If to Party A: | Beijing Xin Fu Industry Consulting Co., Ltd. |
B2-D2-301 A Block Tiancheng Mansion, #2, Xinfeng Road, Deshengmenwai Street, Xicheng Dist., Beijing, P.R.China 100088 |
If to Party B: | Beijing Wowjoint Machinery Co., Ltd. |
1108 A Block Tiancheng Mansion, #2 Xinfeng Road, Deshengmenwai Street, Xicheng Dist. Beijing P.R. China 100088 |
11. Assignments
Party B may not assign its rights and obligations under this Agreement to any third parties without the prior written consent of Party A.
12. Severability
If any provision contained in this Agreement is held invalid or unenforceable under applicable, such provision shall be invalid or unenforceable as to such jurisdiction and the remaining provisions hereof shall not be in any way impaired.

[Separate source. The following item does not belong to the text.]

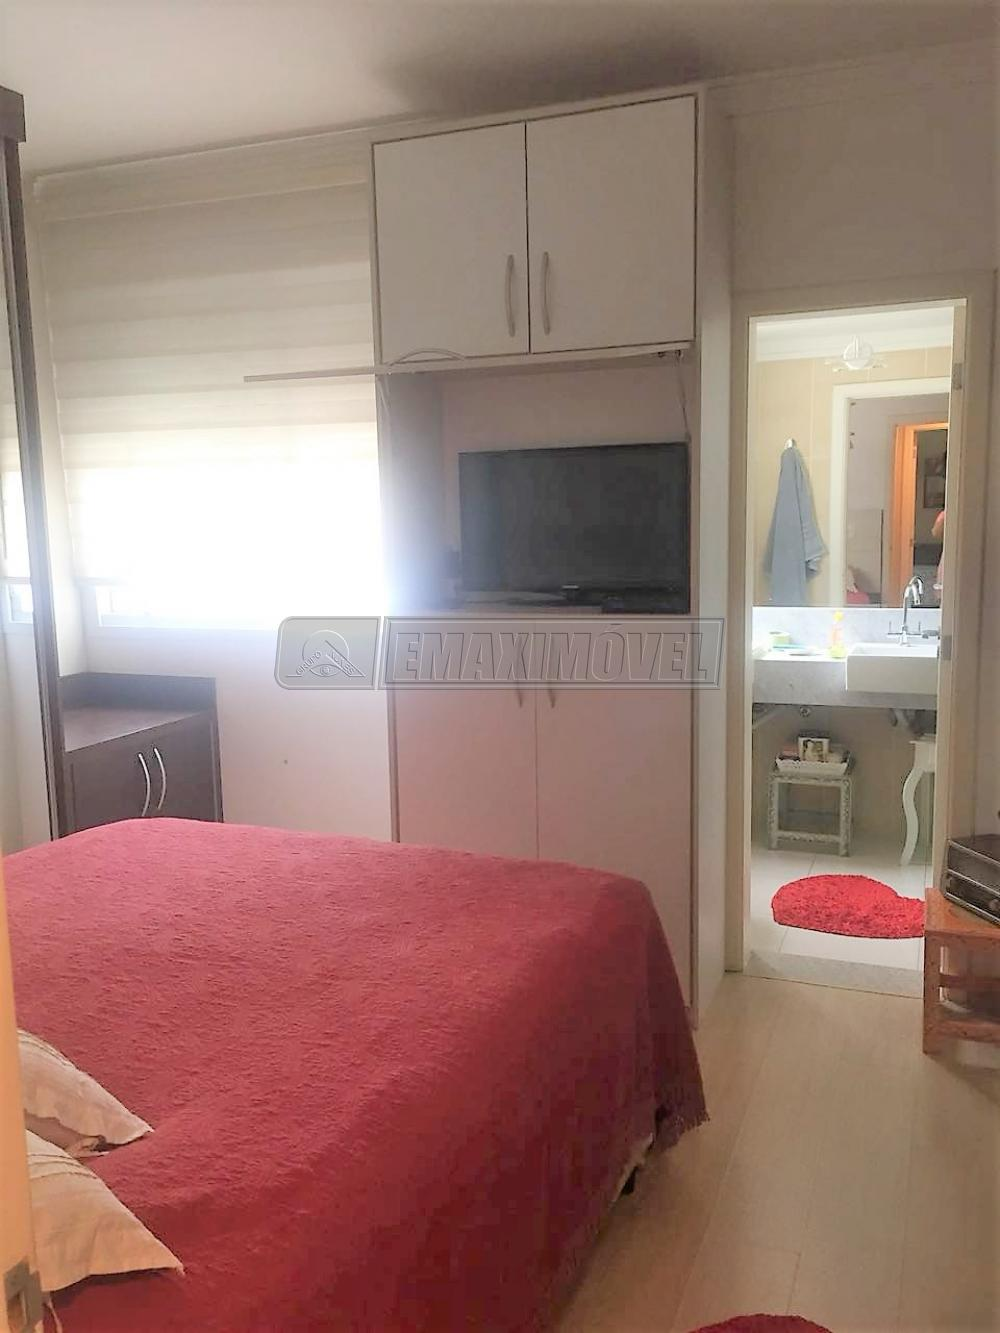 Comprar Apartamentos / Apto Padrão em Sorocaba apenas R$ 740.000,00 - Foto 8

13. Amendment and Supplement
Any amendment and supplement of this Agreement shall be effective only if it is made in writing and signed by the parties hereto. The amendment and supplement duly executed by the parties shall be part of this Agreement and shall have the same legal effect as this Agreement.
14. Governing Law
This Agreement shall be governed by and construed in accordance with the laws of the PRC.
15. Miscellaneous
This Agreement is executed in English.
IN WITNESS WHEREOF, the parties hereto have caused this Agreement to be duly executed by their representatives hereunto duly authorized as of the date first set forth above written.
Exclusive Technical Consulting and Services Agreement
[No text on this page]
By: | /s/ Ya Bin Liu |
Party A : Beijing Xin Fu Industry Consulting Co., Ltd.( 北京信赋兴业咨询有限公司) | |
(Affix Seal) | |
Legal Representative: Ya Bin Liu | |
By: | /s/ Ya Bin Liu |
Party B: Beijing Wowjoint Machinery Co., Ltd. (北京万桥兴业机械有限公司) | |
(Affix Seal) | |
Legal Representative: Ya Bin Liu |
Appendix 1: The list of Technical Consulting and services
Party A shall provide Party B with the following technical consulting and services:
1. | Provide technical services for the designs in plan of constructions, equipment blueprint and modification. |
2. | Conducting marketing research and providing marketing-research related consulting services; |
3. | Verifying and confirming project offers valued at or more than $100,000 USD and tendering with combined signature. |
4. | Providing the planning, design, evaluation and confirmation consulting support with regard to the development of new products. |
5. | Providing the consulting services and support with regard to the labor and employment matters of Party B, including but not limited to the designation and training of Party B’s business personnel, administrative and management personnel, assist in the establishment of a sound human resource management system. |
6. | Providing management-related consulting services and support; introduce advanced management concept and models to Party B. |
7. | Provide technical indications for product development, modification, issues with testing and installation and other technical support services as needed by Party B. |
8. | Such other services as may be agreed between the Parties. |
Appendix 2: Calculation and Payment of the Fee for Consulting and Services
Party B shall pay a consulting service fee in amount of 12% to 20% of its revenue per year to Party A. The actual applicable rate of the Fee in a given year shall be determined by Party A at its sole discretion based on the financial and business conditions of Party B.
The Fee should be calculated and collected within 90 days after the end of each fiscal year of Party B. Party B shall wire the Fee within such period to a bank account designated by Party A.